No caben dudas que el presidente Jimmy
Morales no es un estadista, que no tiene el tacto de un político hecho a las
lides que esa actividad implica, que su mundo no ha sido la administración de
la cosa pública (con todos los vicios y mañas que eso pueda implicar). Pero
¿acaso tenían ese tacto los otros candidatos de las elecciones pasadas?
Marcelo Colussi /
Especial para Con Nuestra América
Desde Ciudad de Guatemala
En forma creciente vemos que los medios
masivos de comunicación deciden buena parte de la vida de la población.
Influyen en todo: en lo que se consume, en lo que se piensa, en lo que se
disfruta, en la forma de entender el mundo.

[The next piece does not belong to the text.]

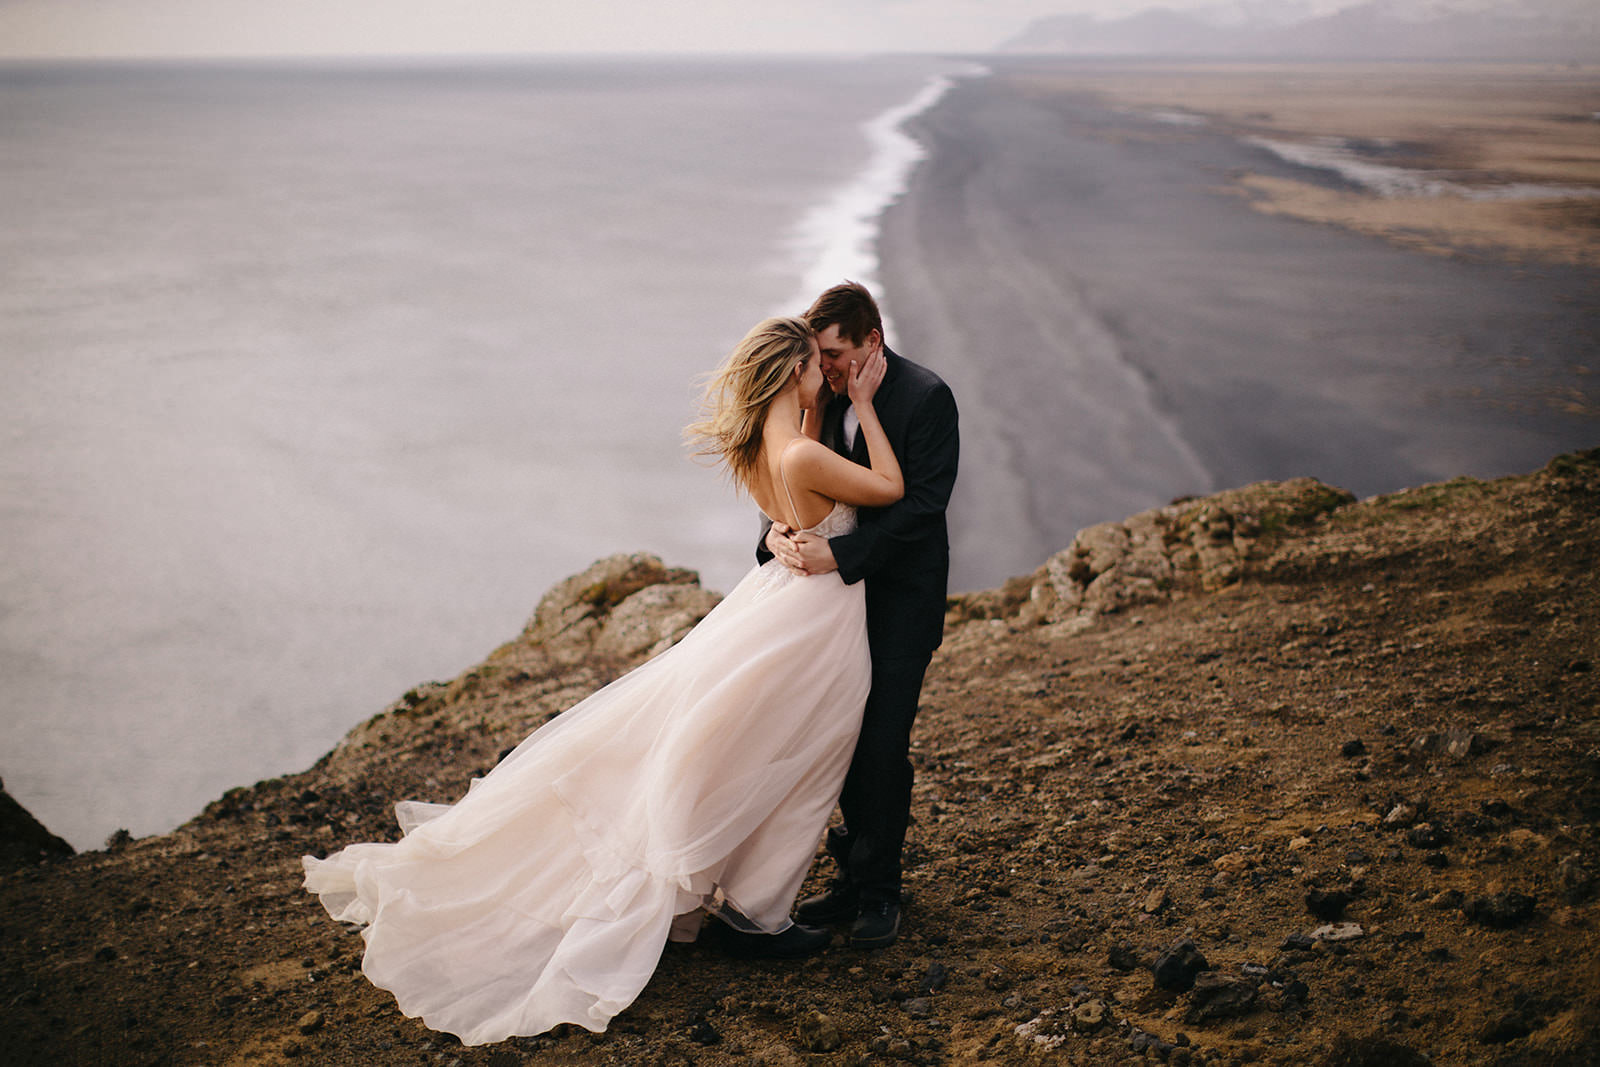 Icelandic Iceland Elopement Wedding Elope Photographer Eloping Reykjavík Vik Black Sand Beach Jökulsárlón Skogafoss Waterfall Vestrahorn Mountain Liz Osban Photography Destination 83.jpg

Según la encuestadora Gallup, de
origen estadounidense y para nada sospechosa de posiciones de izquierda, cerca
del 90% de lo que un adulto medio piensa en términos políticos proviene de esos
medios, de las matrices de opinión que crea la prensa. Habría que decir con más
precisión: lo que un adulto “repite”.
¿Por qué empezar diciendo esto? Porque lo que
constatamos en el escenario político actual de Guatemala está totalmente
vinculado con esa tendencia. ¿Por qué el actual presidente es un comediante?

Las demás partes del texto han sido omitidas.